*** Opening of Input data ***

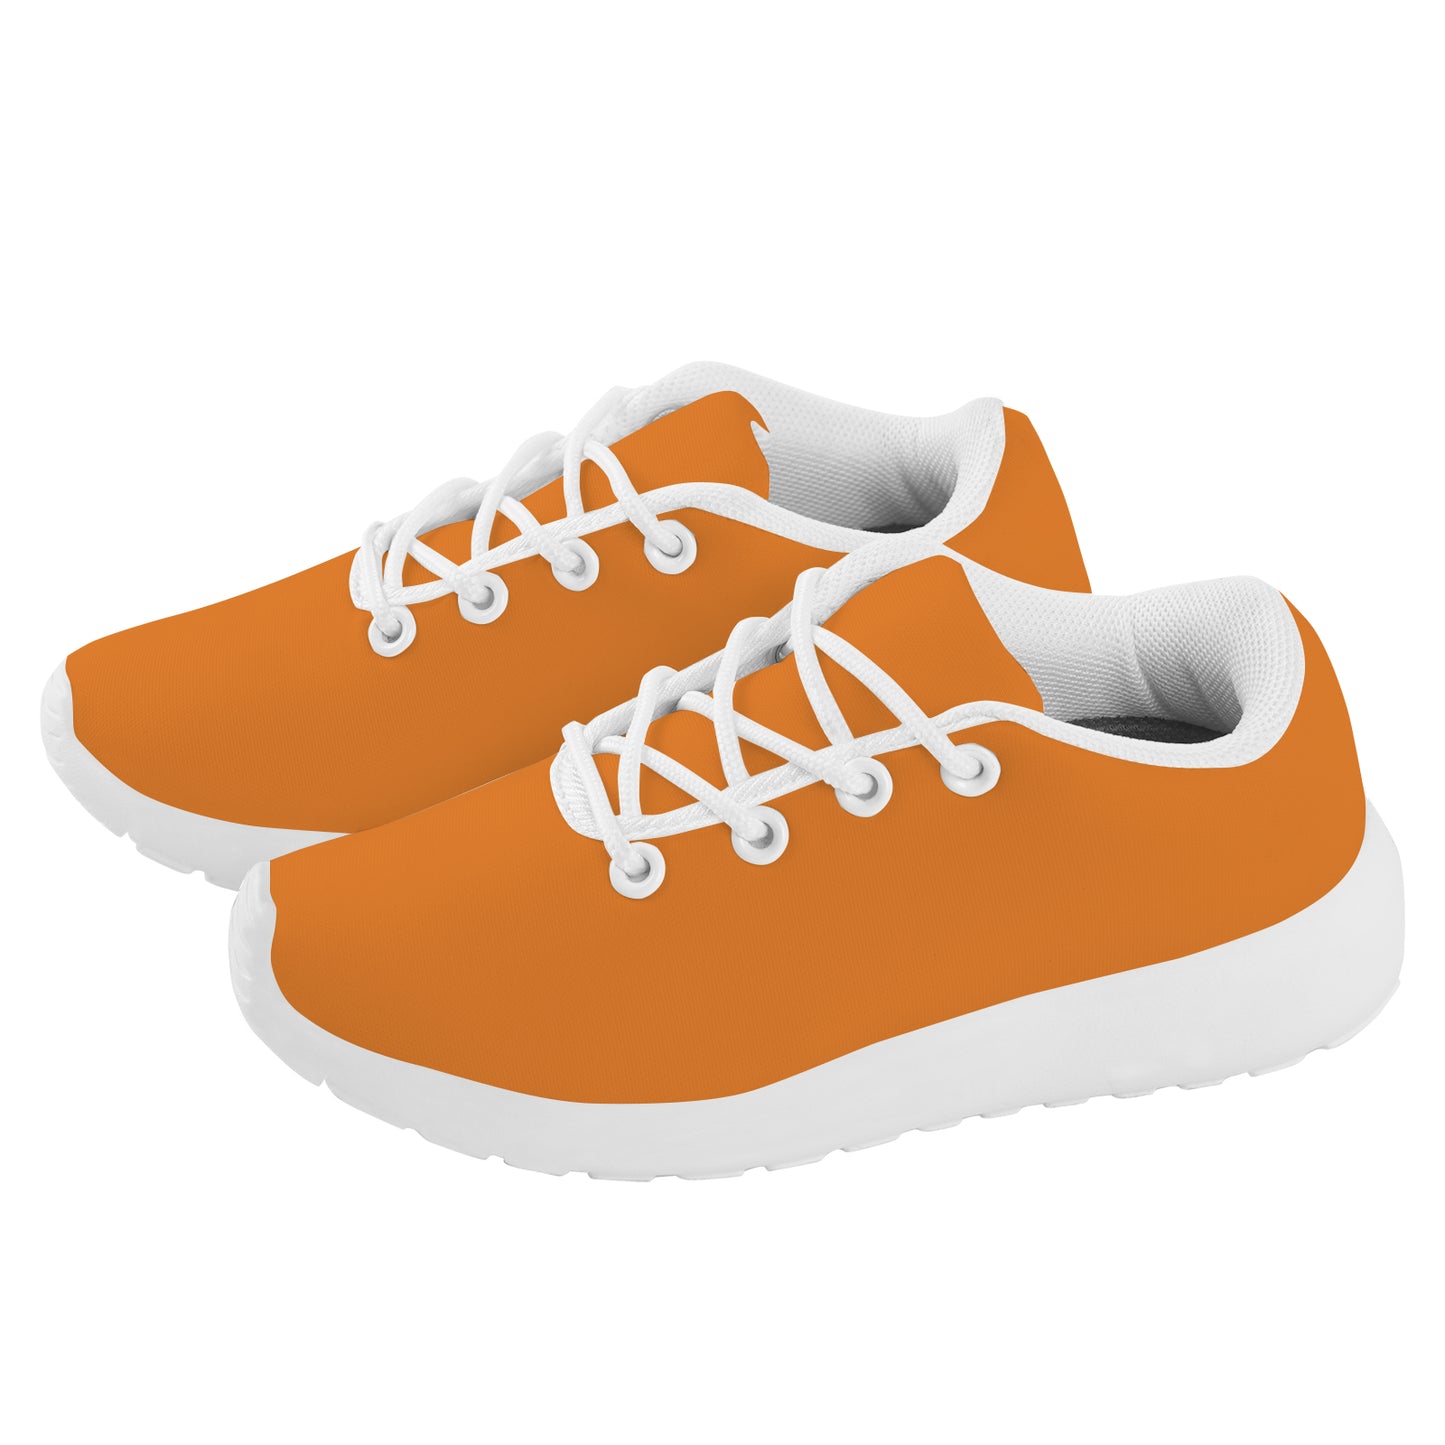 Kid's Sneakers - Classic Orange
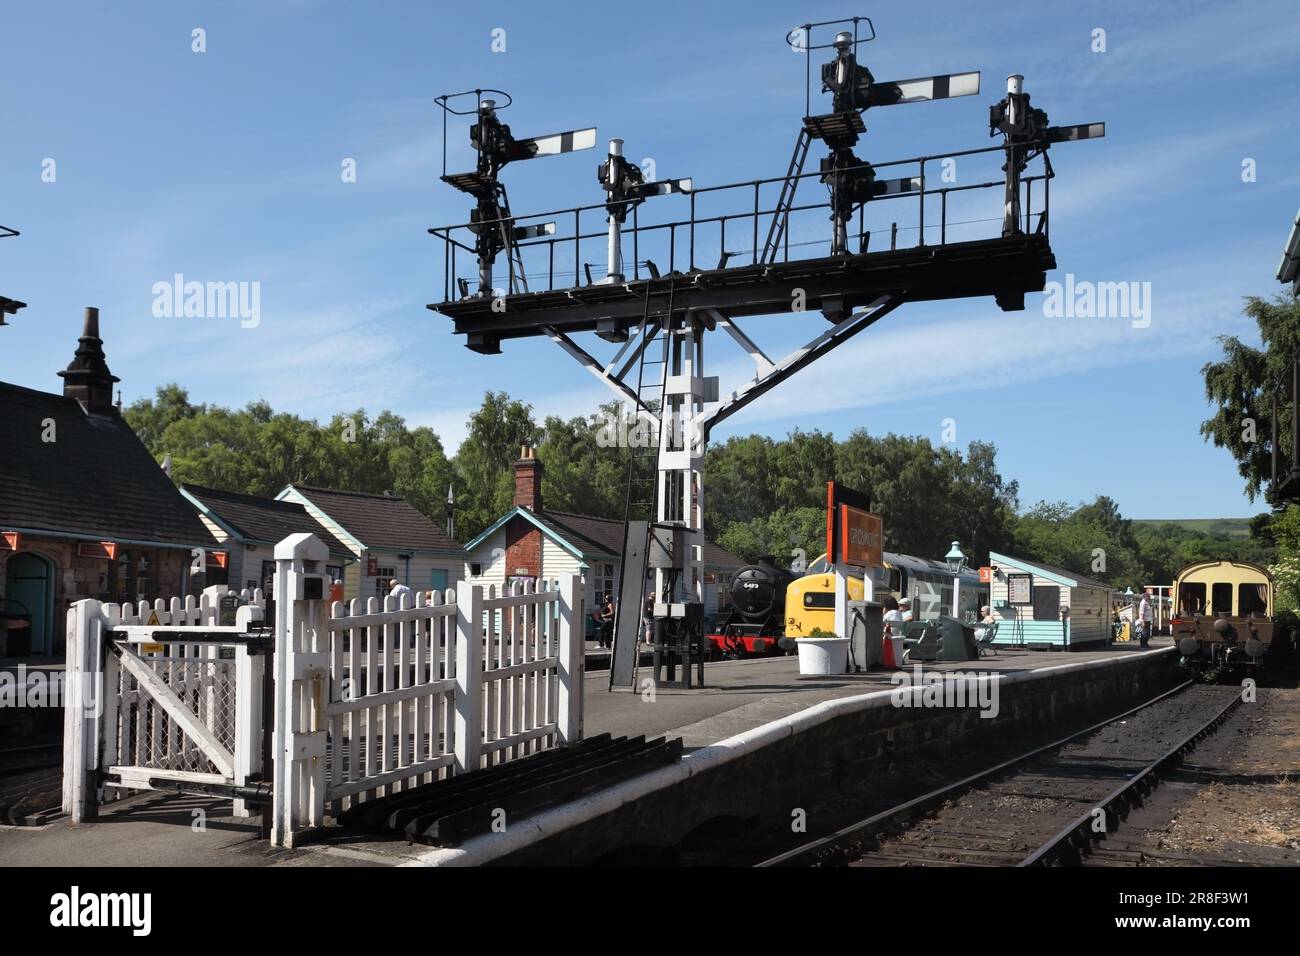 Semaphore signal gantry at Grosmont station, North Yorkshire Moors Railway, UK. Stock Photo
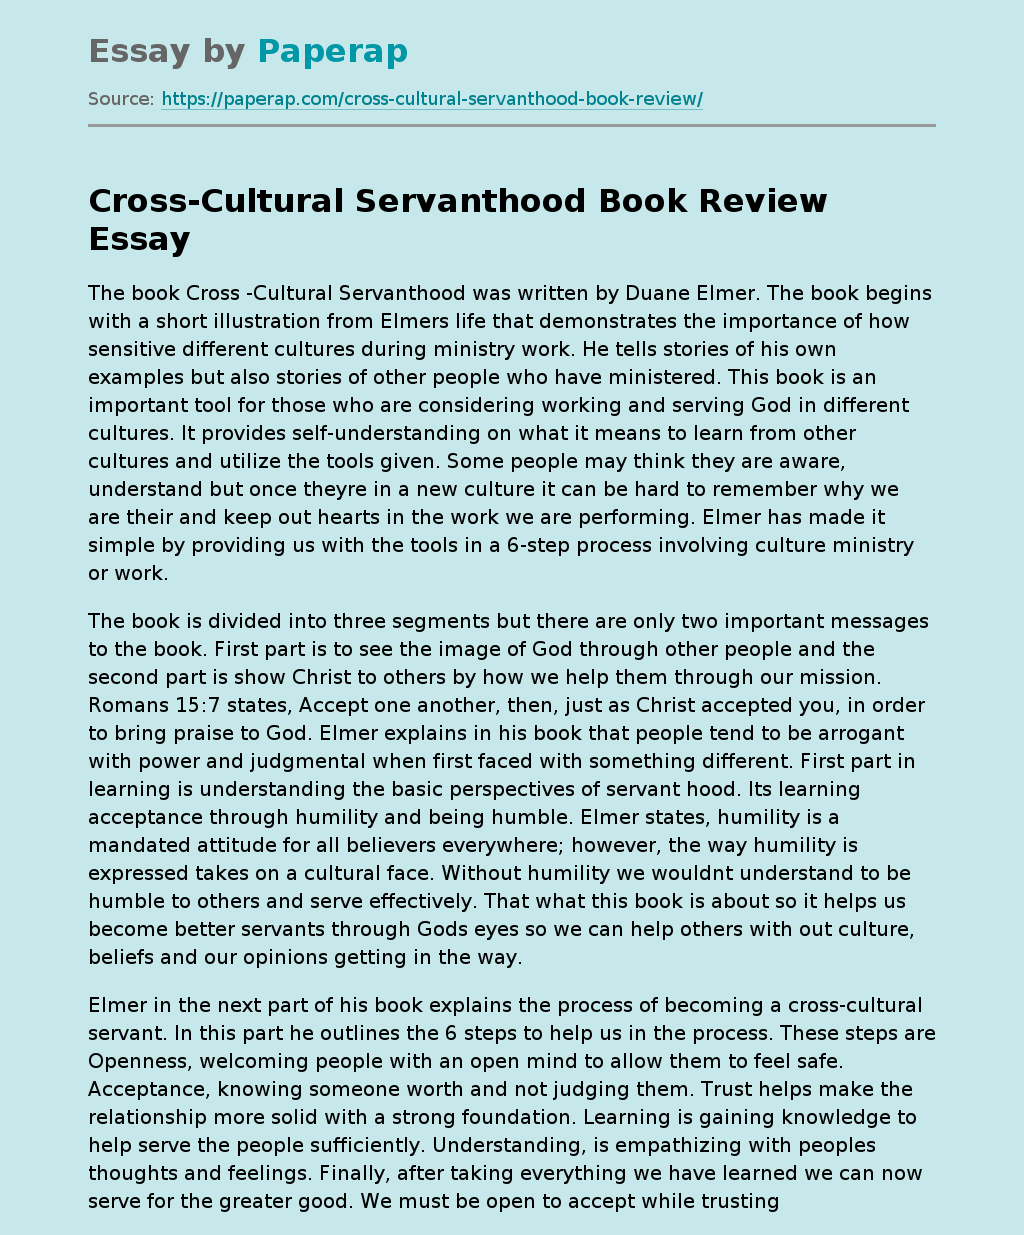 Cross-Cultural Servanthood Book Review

*** Close of Input data ***

Transcribe every line from the one containing "Semaphore signal gantry" to the end of the listing, exactly and exclusively. Do not carry any picture over.

Completed exercise.
 Semaphore signal gantry at Grosmont station, North Yorkshire Moors Railway, UK. Stock Photo
 Cross-Cultural Servanthood Book Review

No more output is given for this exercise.